1. INJEÇÃO CLÁSSICA DE DLL VIA CREATEREMOTETHREAD E LOADLIBRARY
Essa técnica é uma das mais comuns usadas para injetar malware em outro processo. O malware escreve o caminho para sua biblioteca de enlace dinâmico malicioso (DLL) no espaço de endereçamento virtual de outro processo, e garante que o processo remoto o carregue criando uma thread remota no processo alvo.

O malware precisa primeiro mirar em um processo para injeção (por exemplo, svchost.exe). Isso geralmente é feito pesquisando entre processos chamando um trio de Interfaces de Programa de Aplicação (API): CreateToolhelp32Snapshot, Process32First e Process32Next. CreateToolhelp32Snapshot é uma API usada para enumerar estados de heap ou módulo de um processo especificado ou de todos os processos, e retorna um snapshot. O Process32First recupera informações sobre o primeiro processo no snapshot, e então o Process32Next é usado em um loop para iterar por eles. Após encontrar o processo alvo, o malware obtém o controle do processo alvo chamando o OpenProcess.

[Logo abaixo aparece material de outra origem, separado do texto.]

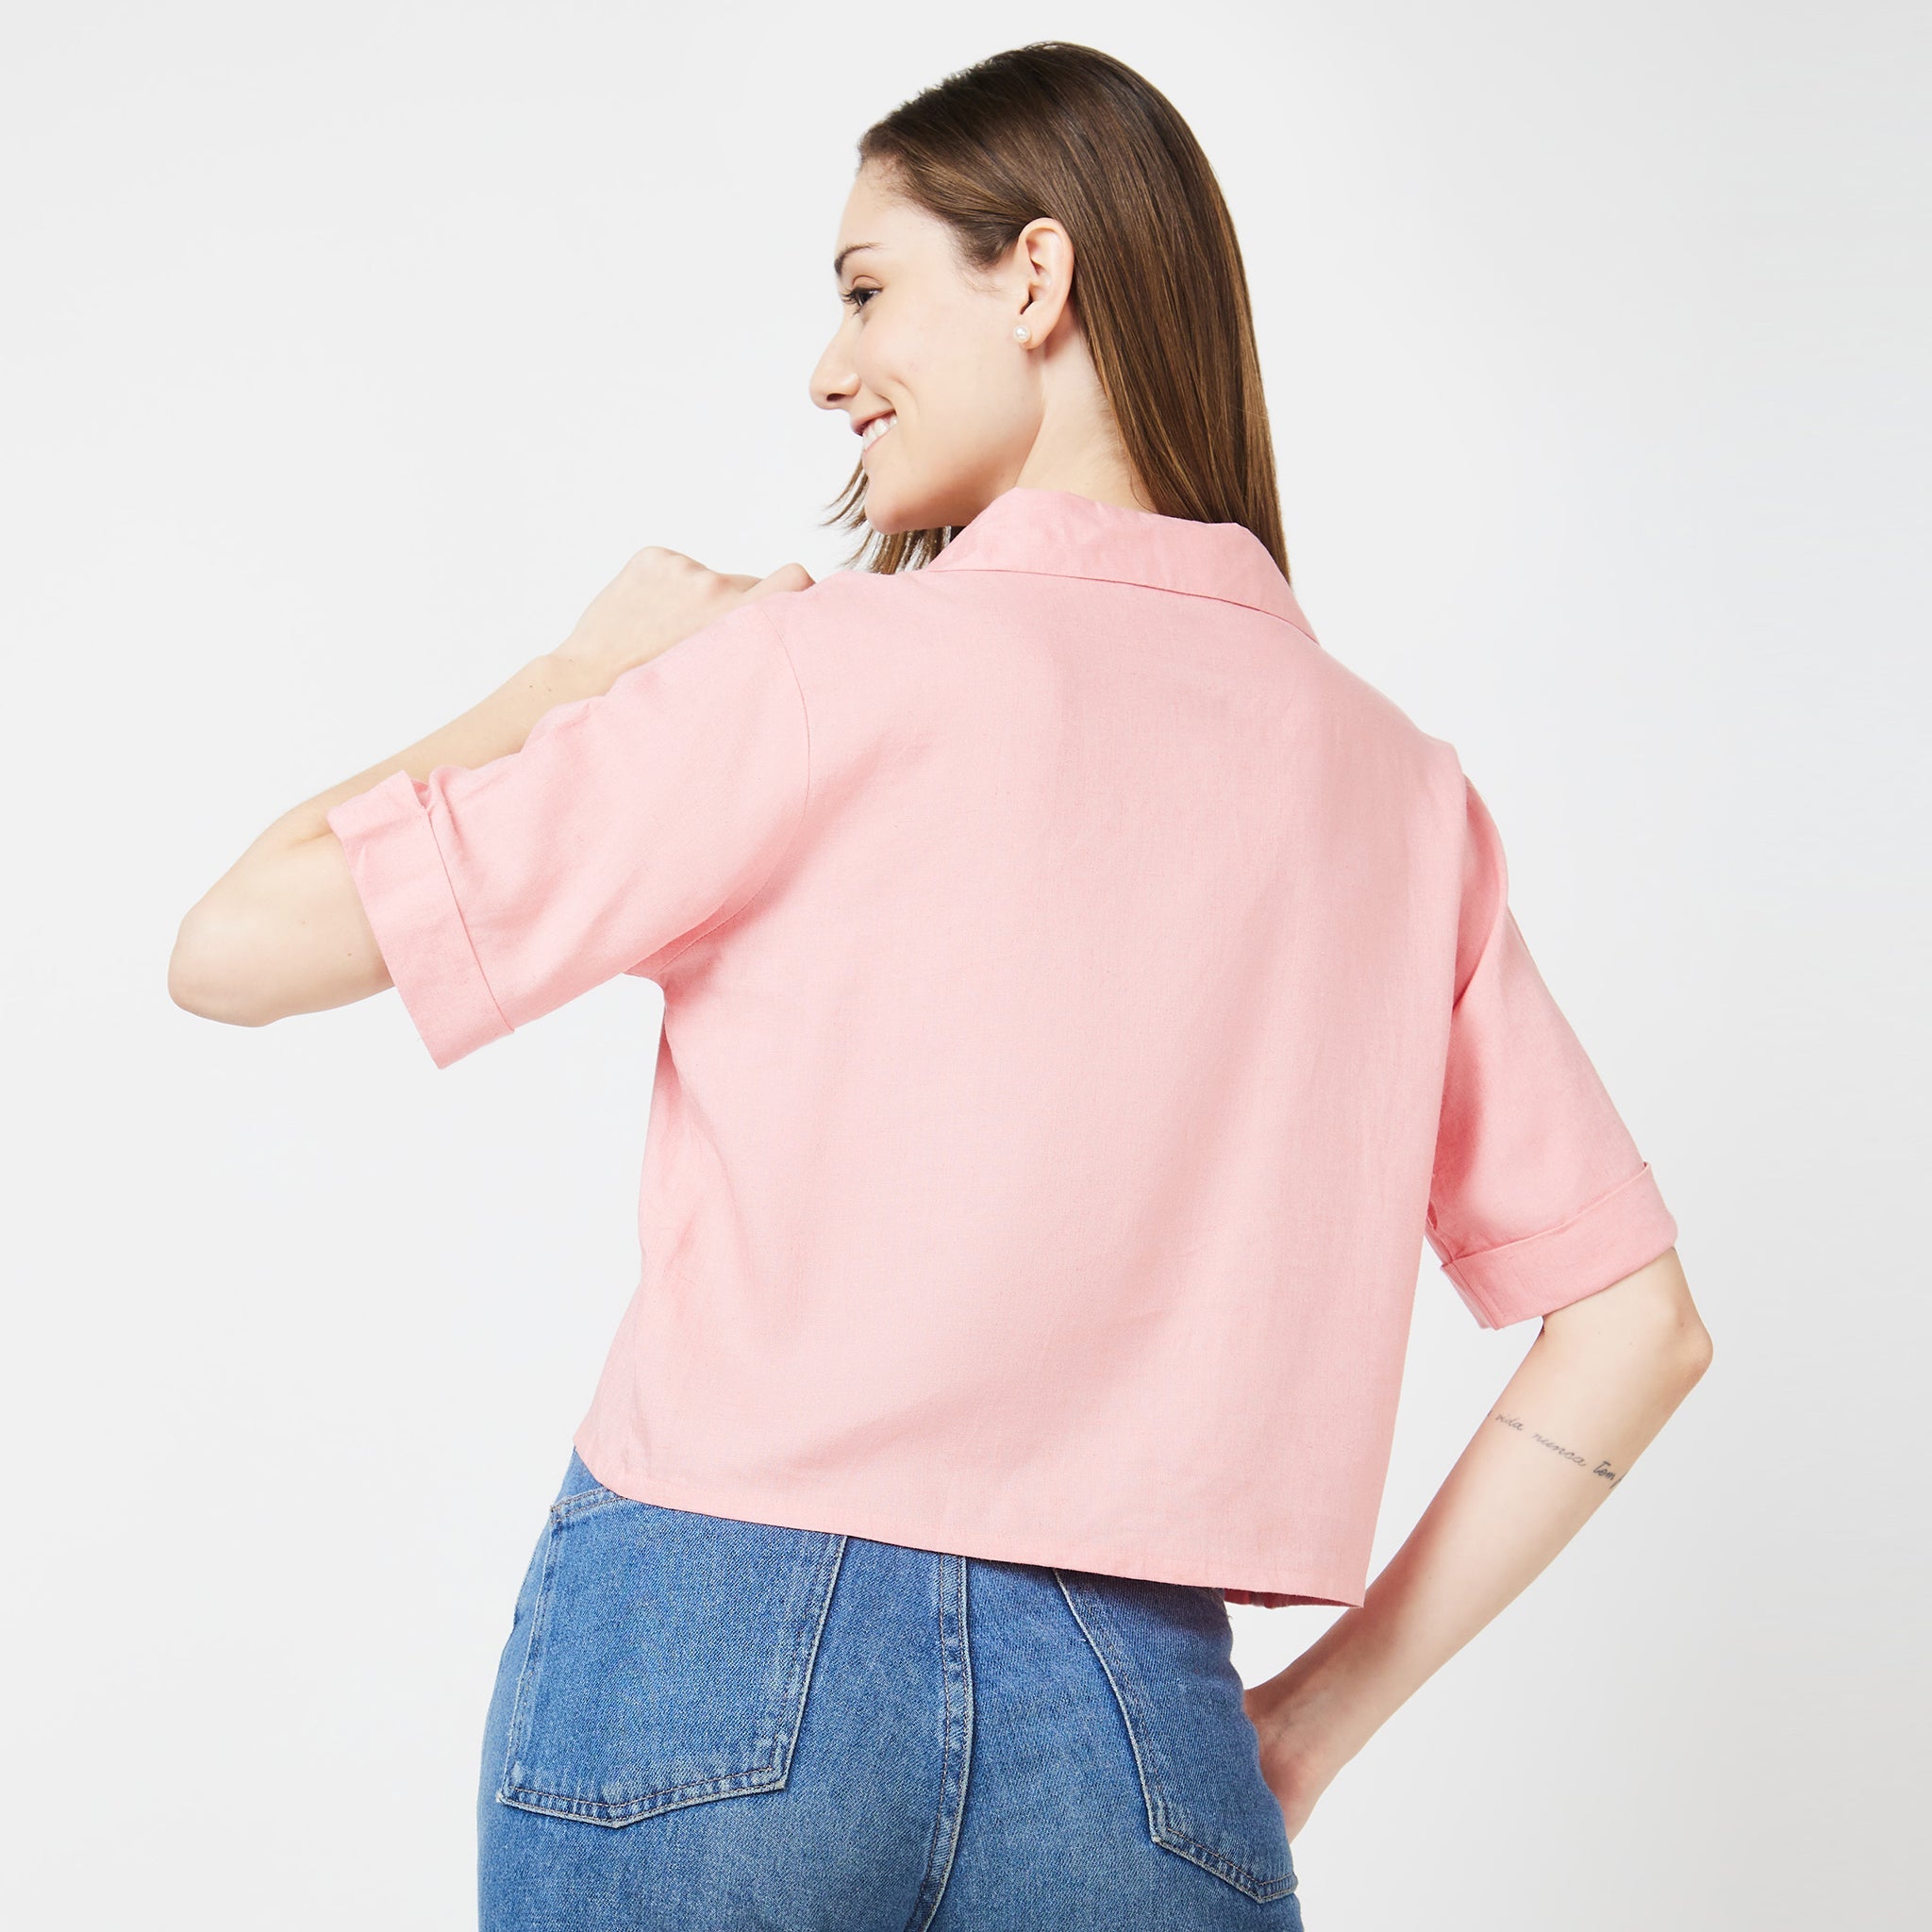 Women Wearing Boxy Fit Solid Shirt
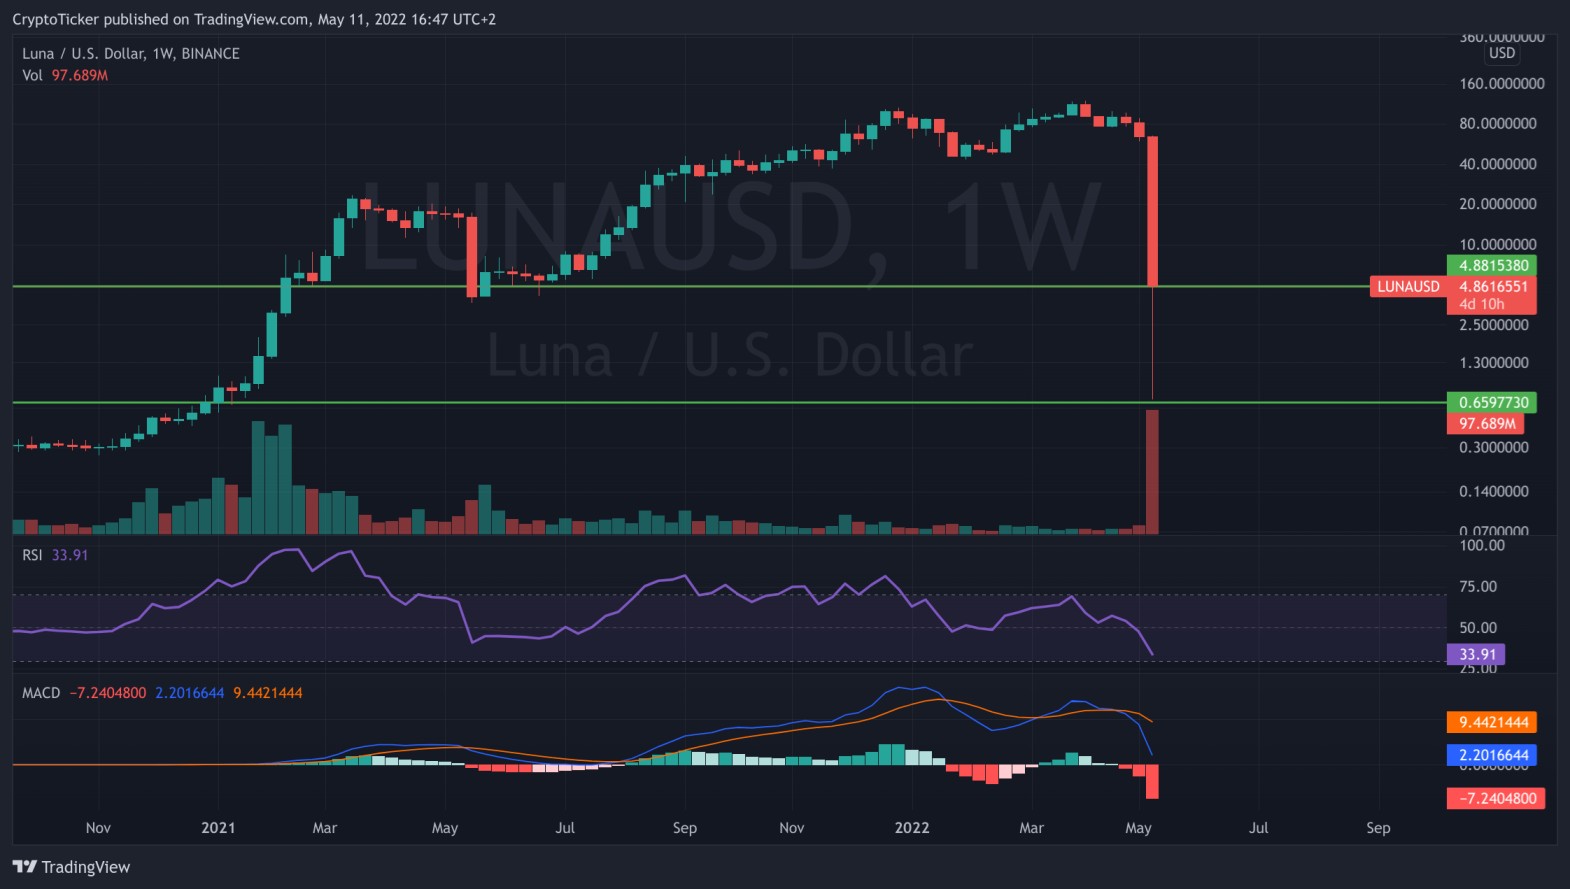 LUNA/USD 1-week chart showing the massive dump in LUNA down

Como mostrado na Figura 1, o malware chama o VirtualAllocEx para ter um espaço para escrever o caminho em sua DLL. O malware então chama o WriteProcessMemory para gravar o caminho na memória alocada. Por fim, para que o código seja executar em outro processo, o malware chama API como CreateRemoteThread, NtCreateThreadEx ou RtlCreateUserThread. Os dois últimos são indocumentados. No entanto, a ideia geral é passar o endereço do LoadLibrary para uma dessas API, de modo que um processo remoto precise executar a DLL em nome do malware.
O CreateRemoteThread é rastreado e sinalizado por muitos produtos de segurança. Além disso, requer uma DLL maliciosa no disco que pode ser detectada. Considerando que invasores geralmente injetam código para evitar defesas, invasores sofisticados provavelmente não usarão essa abordagem. A captura de tela abaixo mostra um malware chamado Rebhip realizando essa técnica.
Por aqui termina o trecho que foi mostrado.